_Data section_
"""
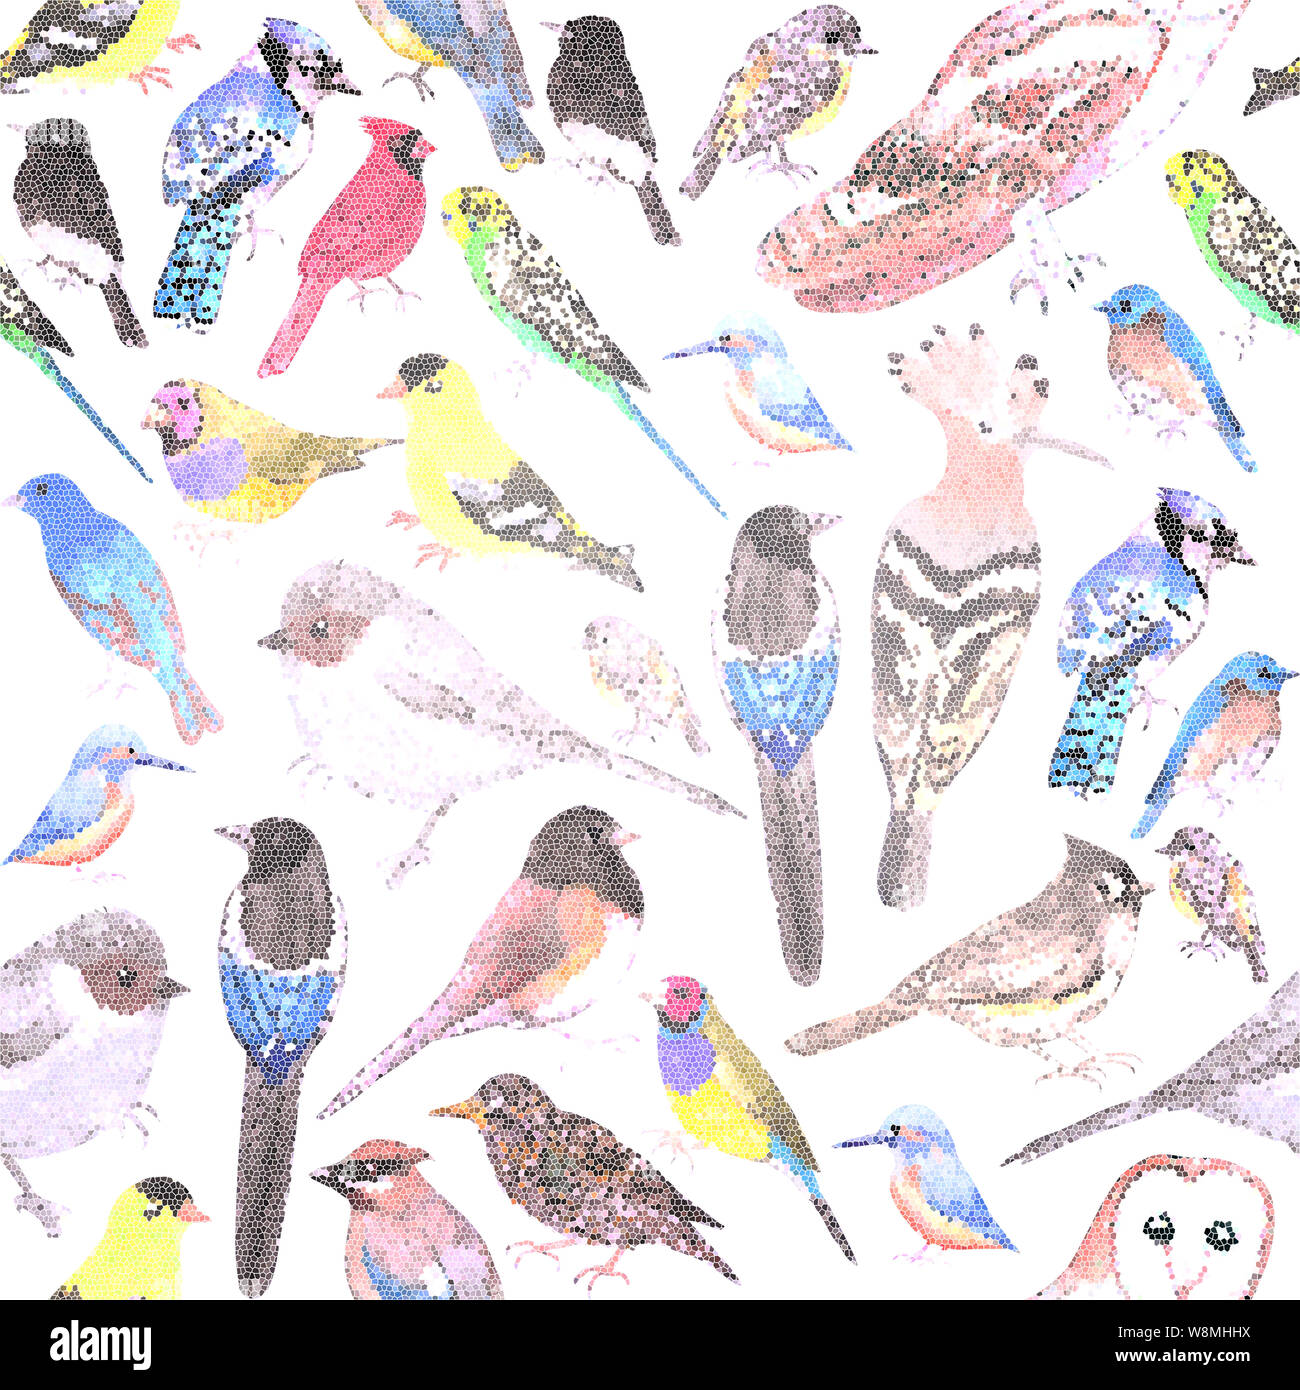 Birds of America- pets and wild birds seamless mosaic background Stock Photo
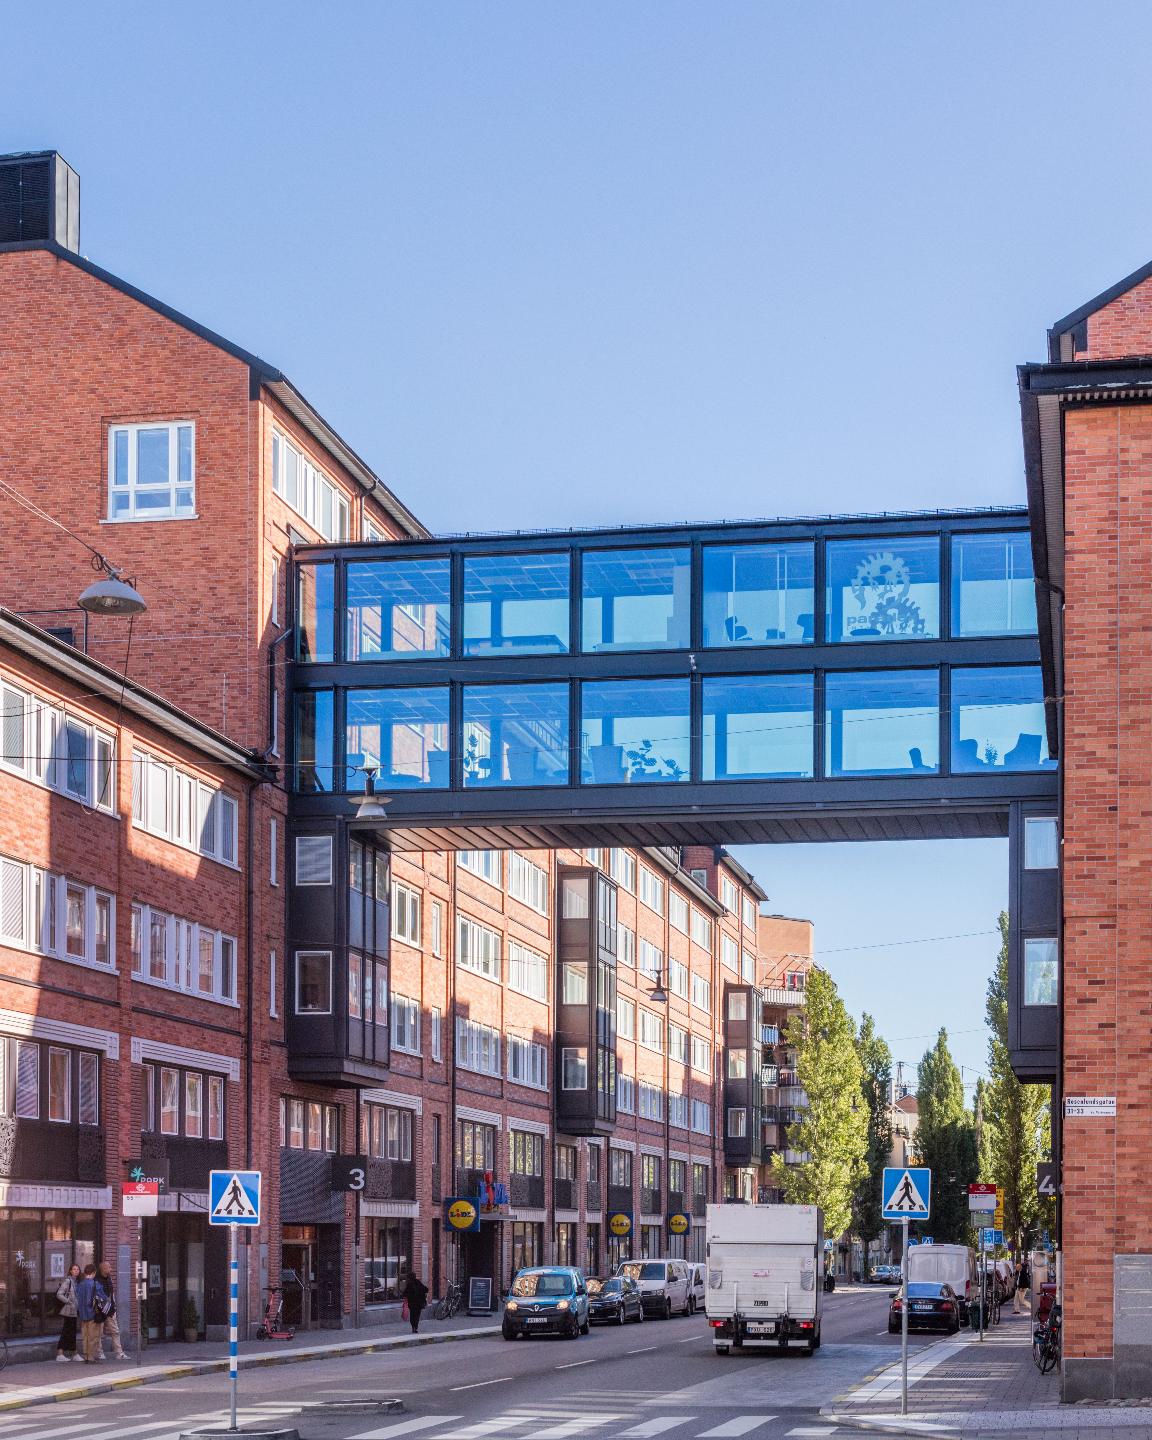 Bro mellan husen i Stockholmsverken
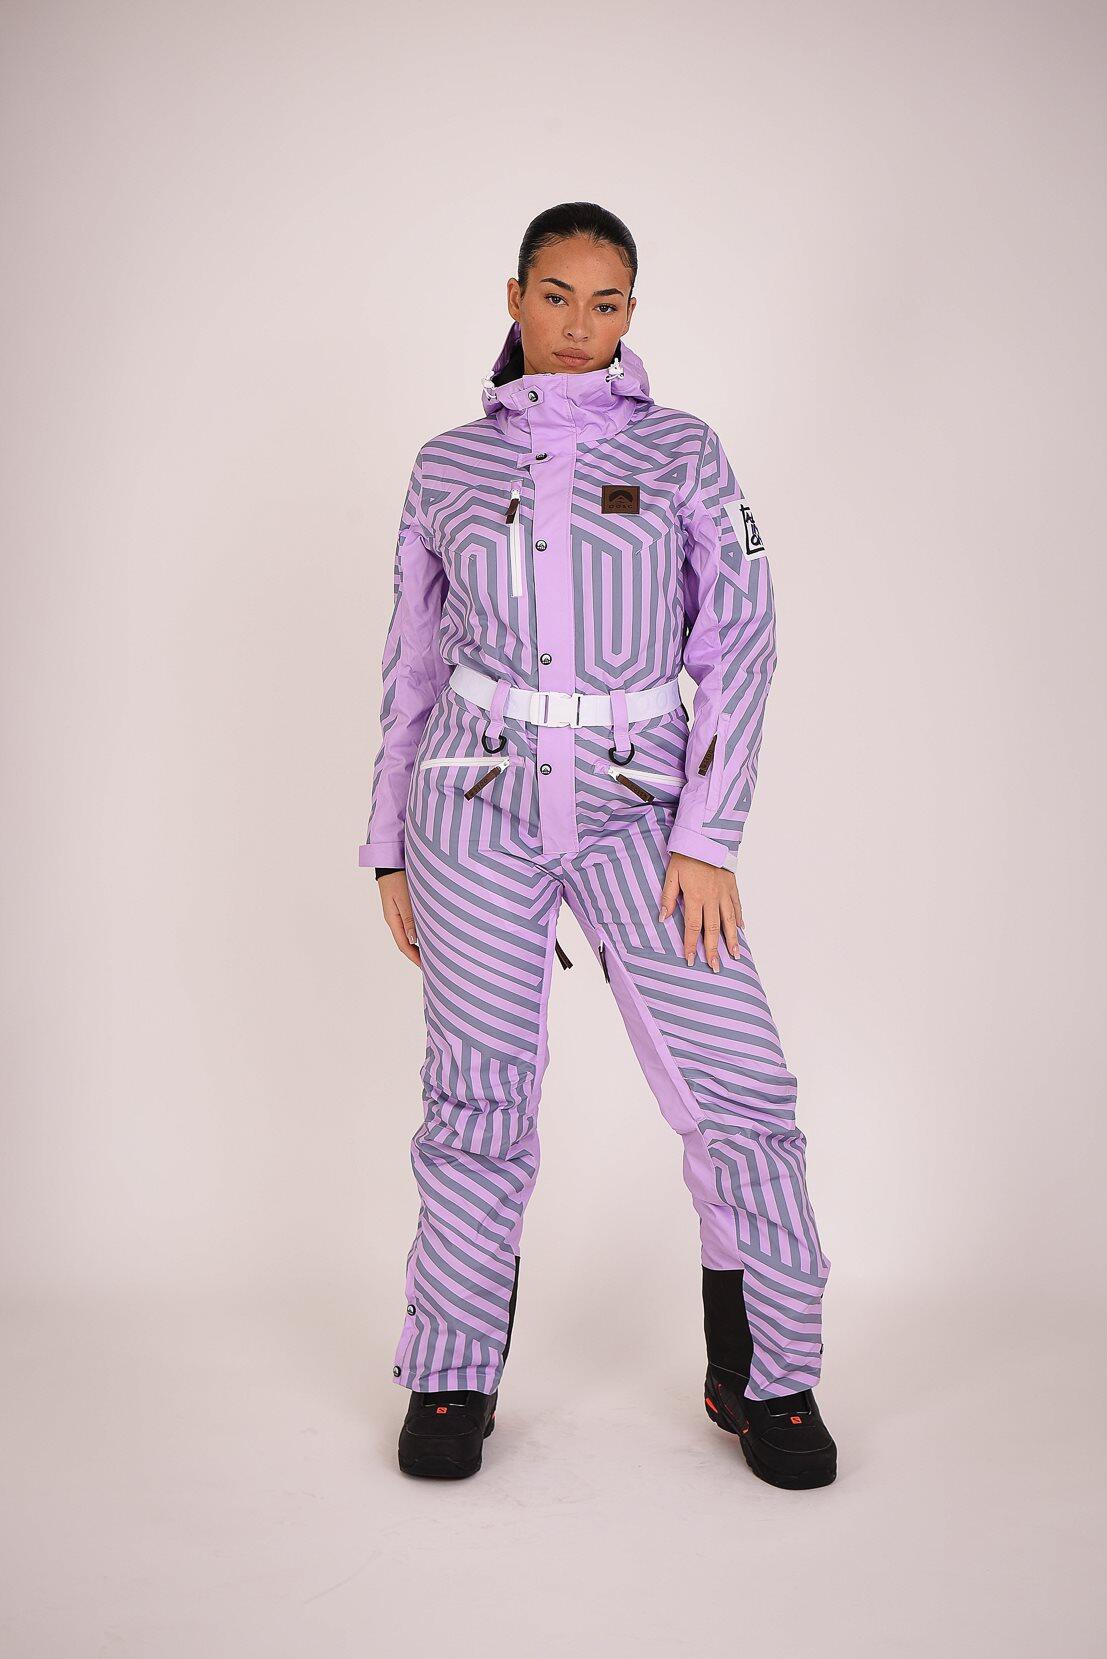 OOSC Fall Line Purple & Grey Curved Female Ski Suit
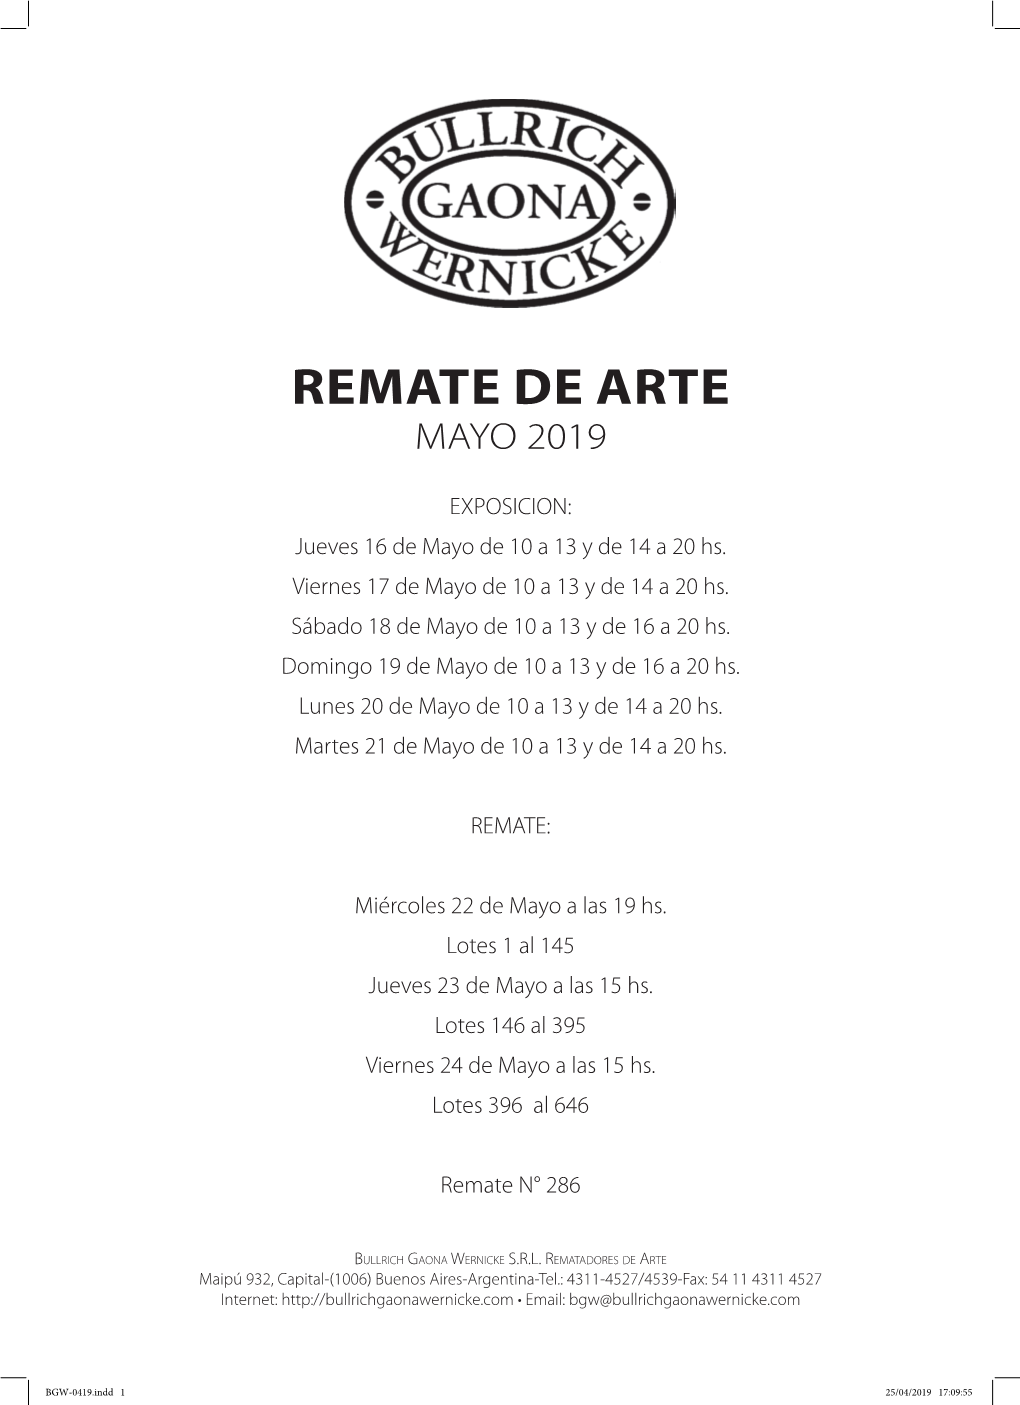 REMATE DE ARTE Mayo 2019
"""
_What you will do_
All lines from the one containing "Bro mellan husen i Stockholmsverken" through the end of the data are to be written out exactly, with nothing added; skip the pictures.

_Reply to the exercise_
 Bro mellan husen i Stockholmsverken
 OOSC Fall Line Purple & Grey Curved Female Ski Suit
 REMATE DE ARTE Mayo 2019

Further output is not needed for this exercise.